# Portico Gutters



## kwikfishron (Mar 11, 2010)

gnikyerffej1 said:


> do folks put gutters on porticos?


If you want to manage the water coming off that roof you do.


----------



## joecaption (Nov 30, 2011)

Going to be a challenge to add gutters to that one because of the small steeply angle fascia's. I've done it before with custom cut to fit the profile PVC 5/4 lumber to act as stand offs so the gutters would sit flat.
They also make gutter hangers that slide under the shingles. (Google gutter hangers)
No box stores going to stock them. Might check any real siding supply house. 
If there's a ABC supply near you they will have them or can order them for you.
Having no grade away from the foundation, mulch piled up against the foundation, foundation not water proofed may also be adding to your issue.


----------



## roofermann (Nov 18, 2013)

joecaption said:


> Going to be a challenge to add gutters to that one because of the small steeply angle fascia's. I've done it before with custom cut to fit the profile PVC 5/4 lumber to act as stand offs so the gutters would sit flat.
> They also make gutter hangers that slide under the shingles. (Google gutter hangers)
> No box stores going to stock them.

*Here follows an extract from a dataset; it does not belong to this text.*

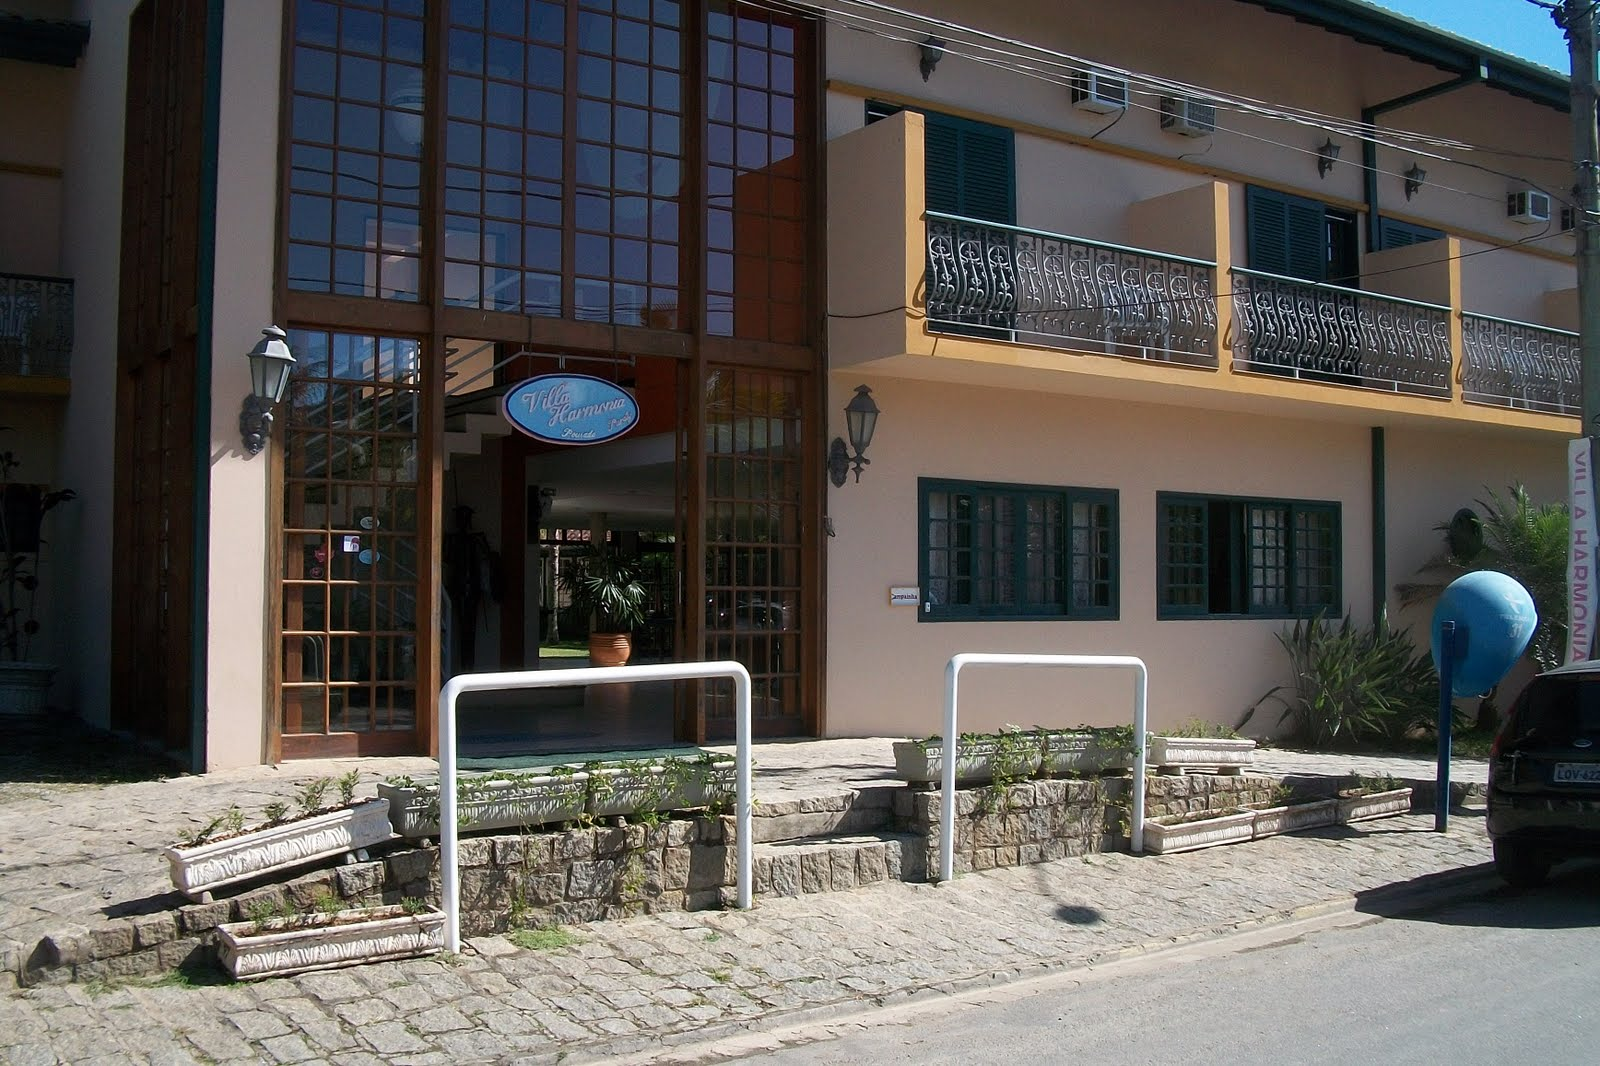 VIAJANTE ESPECIAL: Pousada Villa Harmonia Paraty RJ #41738A 1600x1066 Banheiro Adaptado Restaurante

Might check any real siding supply house.
> If there's a ABC supply near you they will have them or can order them for you.
> Having no grade away from the foundation, mulch piled up against the foundation, foundation not water proofed may also be adding to your issue.


Also called "strap hangers" any decent gutter co. should be willing to sell you a few.:thumbsup:


----------